Come determinare le basi di sequenza di un filo del DNA

Come determinare le basi di sequenza di un filo del DNA

Nel 1980, Frederick Sanger ha vinto il suo secondo premio Nobel per lo sviluppo di un metodo per sintetizzare pezzi di DNA e terminare il filo ogni volta che appare una certa base di DNA. Questo ha permesso ai ricercatori di determinare la sequenza di basi di un filamento di DNA e fu usata per sequenziare il genoma umano di progetto genoma umano. Attuali metodi includono Polony, Solexa e ioni di semi-conduttori di sequenziamento. Tuttavia, il metodo di Sanger è ancora ampiamente usato e, a causa della sua relativa semplicità, è un buon esempio di come funziona il sequenziamento del DNA.

Istruzioni

• Impostare quattro bicchieri con quattro miscele di reazione. Aggiungere a ciascun becher il DNA da sequenziare, DNA polimerasi e una fornitura di nucleotidi A, C, G e T.

• Aggiungere una variante di una delle quattro variabili terminazione catena fluorescente-con l'etichetta di ogni nucleotidi, in modo che ogni bicchiere ha una variabile diversa terminazione con un'etichetta fluorescente diversa.

• Combinare il contenuto di tutte le provette di reazione quattro in un becher. Eseguire le reazioni su un gel di elettroforesi.
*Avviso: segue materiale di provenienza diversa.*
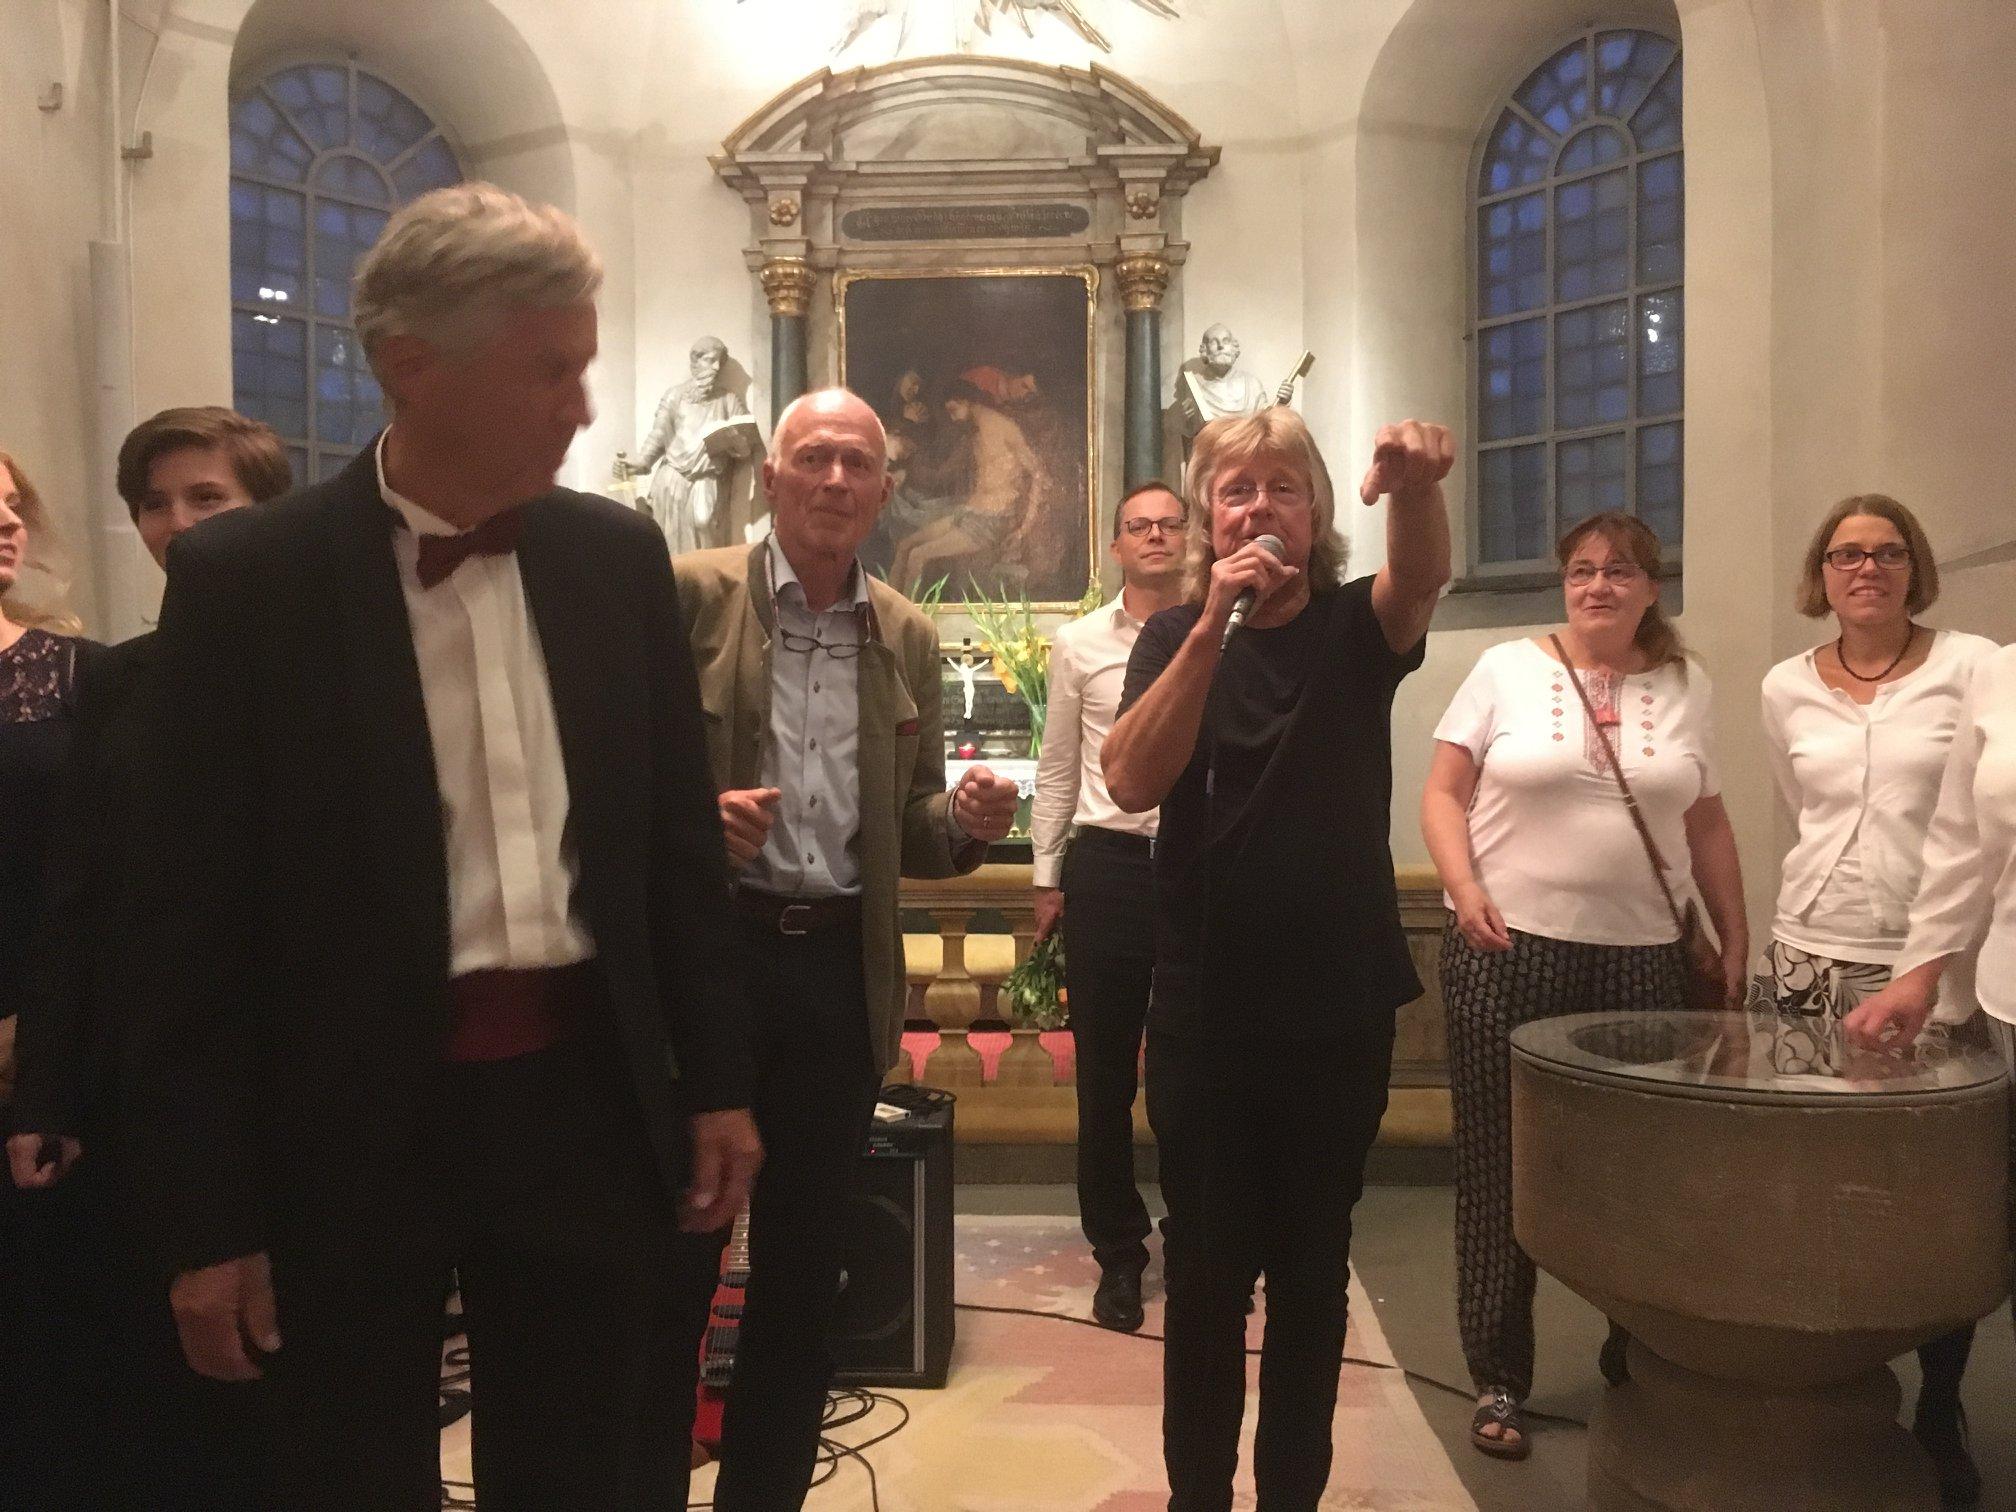 Janne Schaffer och kyrkokören

Dedurre la sequenza di DNA leggendo l'immagine risultante dal più piccolo al più grande pezzo. Identificano le diverse etichette fluorescenti quali nucleotide basi corrisponde a ogni pezzo creando un insieme distintivo di bande dell'immagine di elettroforesi.

• Leggi la base di sequenza del filo del DNA mediante l'assegnazione di una base per ciascuna delle bande create dal nucleotide basi sull'immagine elettroforesi.